The UCS results shown in Fig. 8 increased considerably with the use of CDW and CaO. Mix CDW30-C2 mix showed the highest strengths after 7 (8 MPa) and 28 (9.3 MPa) days of curing compared with the REF mix (pure natural sandy soil) that showed the lowest strength (4 MPa), demonstrating that CDW and CaO stabilization is beneficial. This improvement likely stems from the physical interlocking provided by the angular CDW particles and the pozzolanic reactions triggered by CaO, which promote the formation of binding compounds. These findings align with studies by Bui et al.⁸ and Liu et al.⁹, who observed that recycled concrete aggregates enhance strength through increased internal friction and densification. However, increasing CaO from 2 to 6% in mixes with lower CDW content (e.g., CDW10-C6) yielded only a slight strength gain, suggesting that the reactive silica in the soil-CDW matrix may be insufficient to fully engage the higher CaO levels. This observation is consistent with findings reported by Martín-del-Rio et al.¹¹, who noted that exceeding optimal lime content relative to available reactive materials can lead to diminished strength gains. The observed strength reductions in CDW20-C6 and CDW30-C4 emphasize the need for a balanced CDW and CaO proportion, as excessive CaO or CDW can impair bond formation and create weak interfacial zones due to over-saturation or inadequate reactive sites.

Fig. 8

UCS of RE samples at 7 and 28 days for different CDW–CaO mix designs.

Thermal conductivity

Figure 9 reveals an inverse relationship between UCS and thermal conductivity across most mixes, with the CDW30-C2 mix exhibiting the highest compressive strength (9.3 MPa at 28 days) alongside the lowest thermal conductivity (0.88 W/m·K), suggesting a denser microstructure enhanced by mechanical interlocking and reduced pore connectivity. Conversely, the CDW20-C6 mix, despite a moderate compressive strength (~ 6.5 MPa), displayed the highest thermal conductivity (1.22 W/m·K), likely due to the higher CaO content promoting the formation of thermally conductive phases like calcium hydroxide and C–S–H gels. This aligns with Ciancio et al.¹² and Canivell et al.⁷, who noted that reactive lime can produce dense mineral phases that increase thermal conductivity, potentially compromising insulation properties. The REF mix, consisting of natural sandy soil, showed lower strength (4 MPa) and moderate thermal conductivity (1.03 W/m·K), indicating a lack of binding phases and thermal mass, consistent with Ávila et al.¹⁰, who emphasized the influence of density, moisture content, and mineral composition on thermal conductivity in earth materials. Compared to previous studies, Bui et al.⁴ reported thermal conductivities of 0.9–1.1 W/m·K for unstabilized rammed earth, similar to the REF mix, while stabilized mixes with cement achieved strengths up to 5 MPa with conductivities around 1.0 W/m·K. The current study’s CDW30-C2 mix surpasses these values, suggesting that CDW and CaO offer superior strength and thermal insulation. However, the elevated conductivity in CDW20-C6 contrasts with findings by Wang et al.¹³ and Ciancio et al.¹², who observed stable thermal performance with higher lime content, highlighting the need for balanced stabilization to optimize both strength and insulation. These results demonstrate that optimal CDW and CaO combinations enhance mechanical performance and thermal inertia, supporting sustainable building applications.

Fig. 9

Comparison of thermal conductivity and UCS across various stabilized RE mixtures.

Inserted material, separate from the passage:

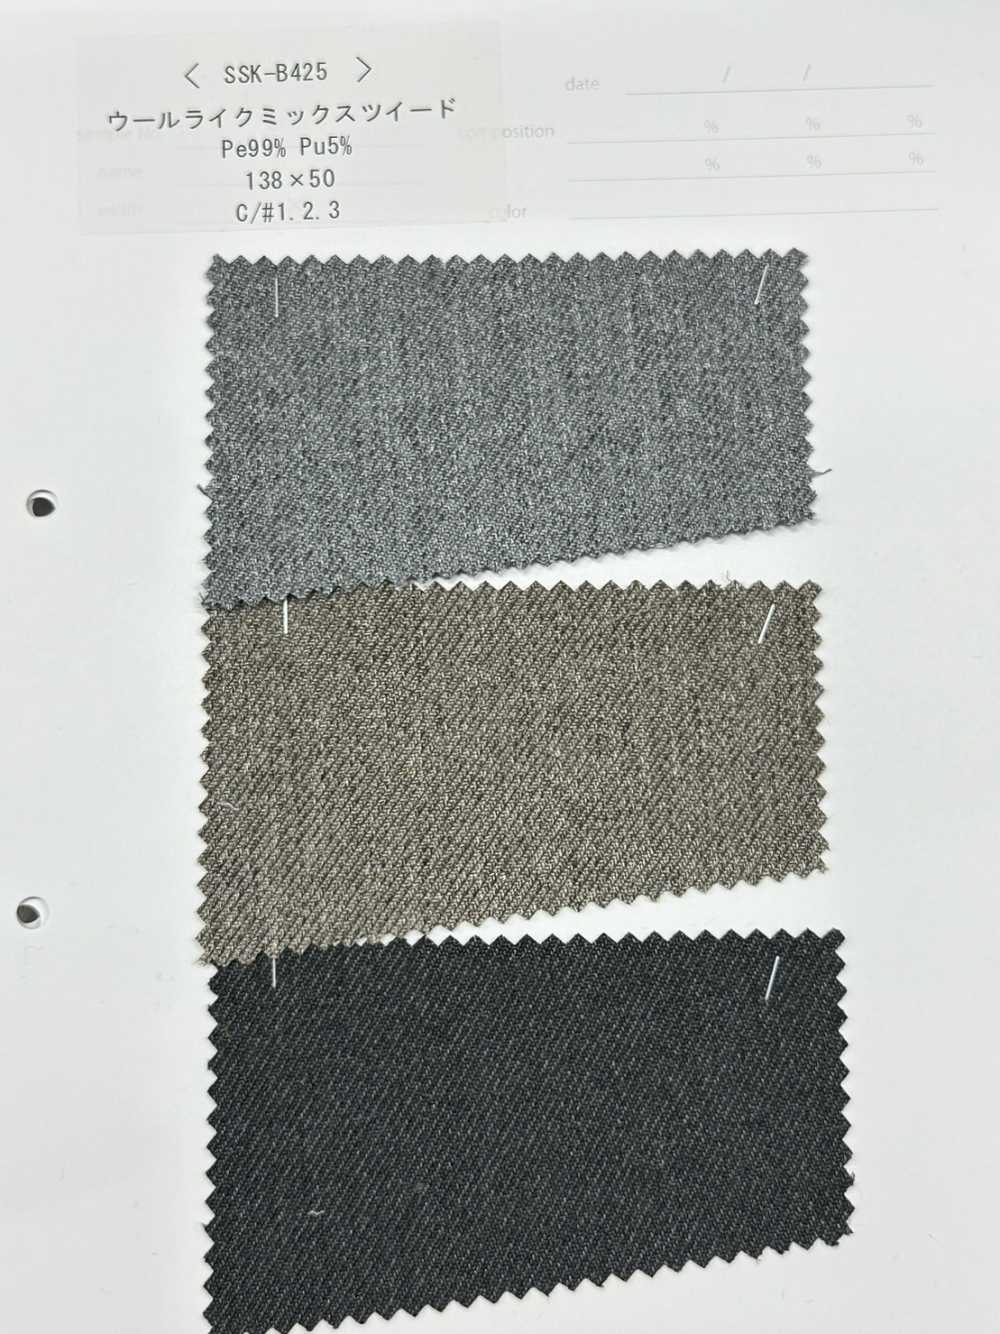 SSK-B425 Tweed Mélangé Imitation Laine[Fabrication De Textile] SASAKISELLM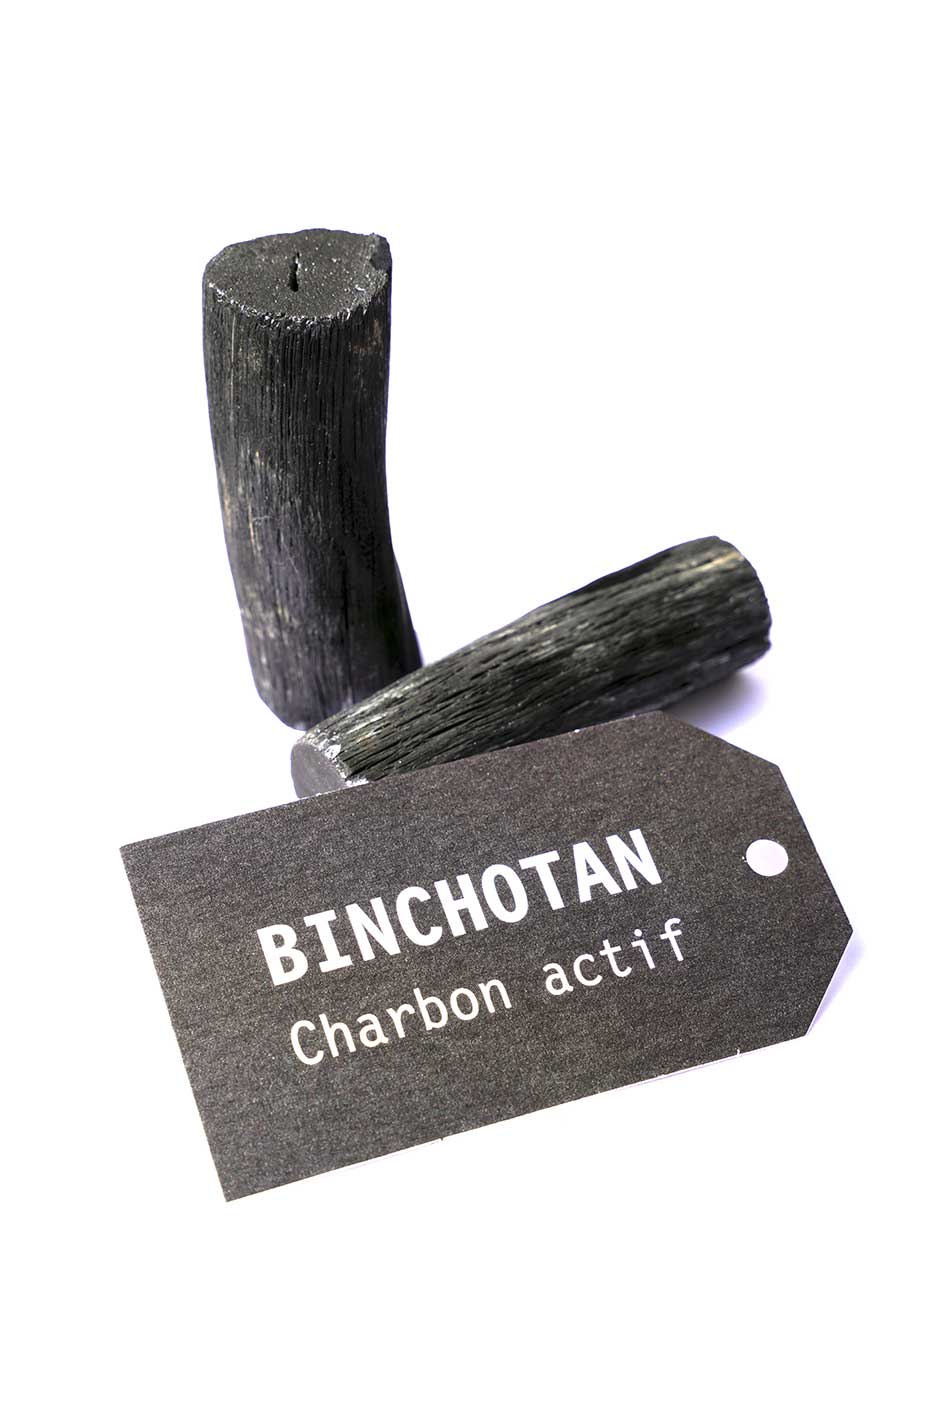 CHARBON ACTIF BINCHOTAN JAPONAIS - Taille M

Microstructural and chemical characterization

A total of six RE mixtures, as well as the control mixture (REF), were analyzed using SEM imaging to assess the effect of CDW and CaO on microstructural development, see Fig. 10. The control mixture, consisting only of natural sandy soil, displayed a loose and porous matrix with ill-defined quartz grains and insignificant binder bridges. Such a morphology corresponds with its relatively low UCS of roughly 4 MPa and moderate thermal conductivity (1.03 W/m·K), suggesting poor particle cohesion and weak thermal dampening. Conversely, the CDW10-C2 mix (10% CDW, 2% CaO) evidenced distinct inter-particle interlocking mediated by angular CDW lithic fragments and early indications of cementitious phase formation, suggesting the beginning of CaO reactivity. This provided a marginal improvement in UCS and thermal resistance^11,17,39. Increasing the amount of CaO from 2 to 6% in CDW10-C6 produced a noticeably denser microstructure. The increased amount of CaO caused better binding of CDW and filled the available voids with calcium-rich hydration products¹¹. Therefore, while there still some relatively large localized voids, this indicates a surplus of CaO. This is consistent with the larger OWC and slightly lower MDD of 14.54 kN/m³, likely due to poor packing of the mix and variations in distribution of hydration. Conversely, CDW30-C2 had the densest and cohesive matrix from the other mixes, as this mix possessed adequate binding, mechanical interlocking, and an evenly distributed binder phase. These factors yielded the maximum UCS of 9.3 MPa seen in the results, and the lowest thermal conductivity (0.88 W/m·K) of the mixes seen in the results indicates more disconnection of pores in the microstructure, better thermal insulation capabilities. This mix showed adequate angularity of CDW and moderate reactivity of CaO.

Fig. 10

Microstructure of stabilized RE mixtures (a) REF, (b) CDW10-C2, (c) CDW10-C6, (d) CDW30-C2, (e) CDW30-C6, (f) CDW30-C4, (g) CDW20-C6.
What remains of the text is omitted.